さて明治維新の大乱の中で、利害得失について大局観を失わずに物事を進めていくためには、個人や一国という人間を超えた立場、己れを捨て去った立場に立たないとならないものである。そこで、幕府方の一人が禅を極めた山岡鉄舟であり、かたや倒幕勢力の薩摩の西郷どんが、これまた禅に打ち込んでいたことはあまり知られていない。
禅なくして、明治新政府の時代を先取りした舵取りの一定の成功はなかったことだろう。新知識、新技術が洪水のように導入されたが、それがそれなりに成功したのは、禅によるバランスのとれた判断力があったと見るべきだろう。
西郷隆盛は、17歳から28歳までの間、一日も怠ることなく、誓光寺の無三住職について禅をしていた。大山巌が、朝早く西郷隆盛の家を訪れると、既に西郷は無三住職の下から帰って来ていたものだという。
ある日西郷隆盛は、無三和尚に言われた。
「貴下の学んでいる儒書には、喜怒哀楽の未だ発せざる、これを中という、とあるが、未発の中とは何か。」
南洲(西郷隆盛)は、さっそくいろいろと説明した。
すると和尚はすかさず言った。「それは文字の講釈じゃ。朱子や王陽明など古人の残り糟をなめる死に学問だ。おまえさんの活きた本物を出して見せなさい。」
南洲は茫然自失し、唖然として答える言葉がなかった。それから一週間、猛然と禅に打ち込み、ついに未発の中を大悟した。
昨今は、知識だけつけて、良い大学に入りさえすれば、将来が開けるとか、難しい資格試験の勉強をして良い資格をとりさえすれば、一生安泰だと思っている人が多い。
ところが資格や高学歴の前に、人生の一大事である『何のために生きるか』について、一つの回答を持っていなければ、人生行路の途中で『うつ』になったり、心身のバランスを崩したりすることが多いのではないか。

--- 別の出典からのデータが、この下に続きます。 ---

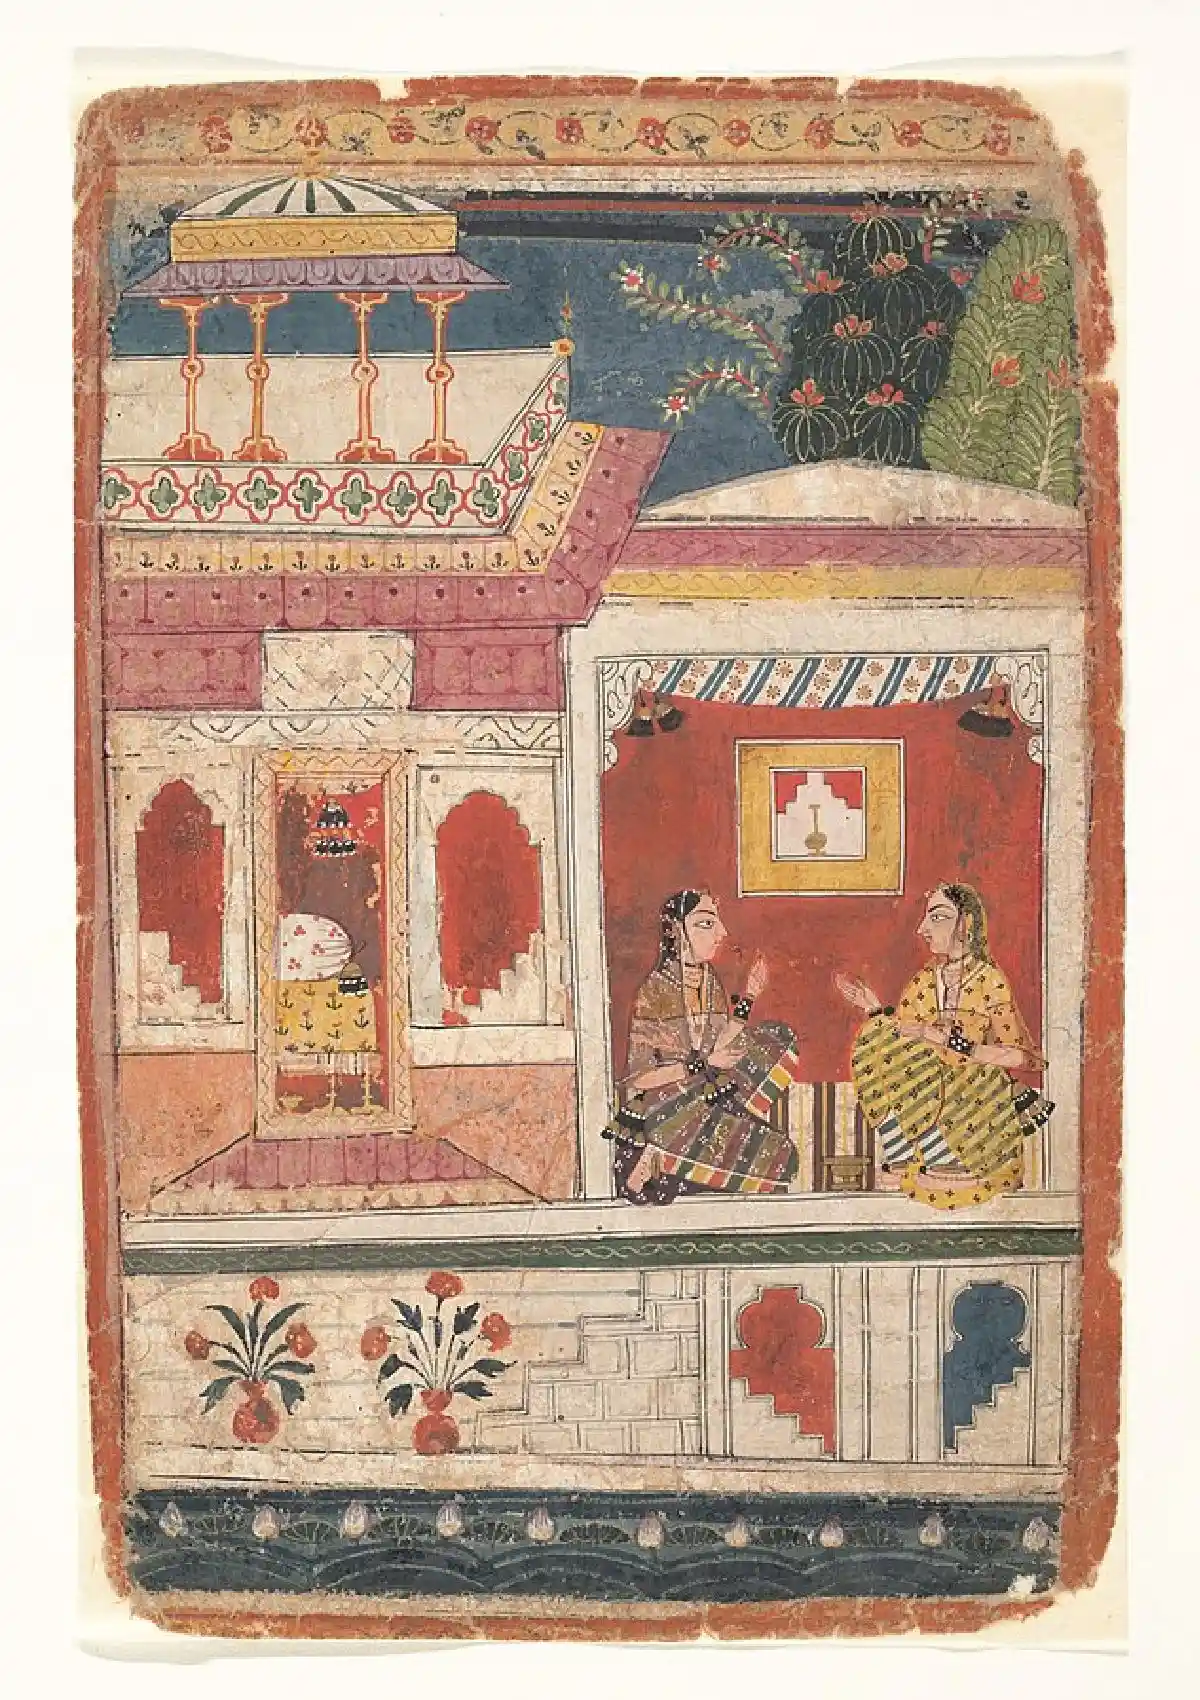 Radha and Her Confidant Sit in an Open Room Source: Wikimedia Commons

内面に出なければ、家庭崩壊などの外面に出ることもあるのではないか。
人は、人生のあらゆる局面を「資格」や「学歴」や「知識」や「金」で解決できるものではない。
あの大西郷ですら、10年以上『何のために生きるか』という大問題と格闘した。いわんや市井の凡人ならもっと努力が必要だろう。その方法は、何も臨済禅に限る必要はないけれど、自分にあった冥想によって、納得できるまでアプローチしていく人が増えなければ、日本の未来も、世界の平和も、個々の家庭の安穏もあるまい。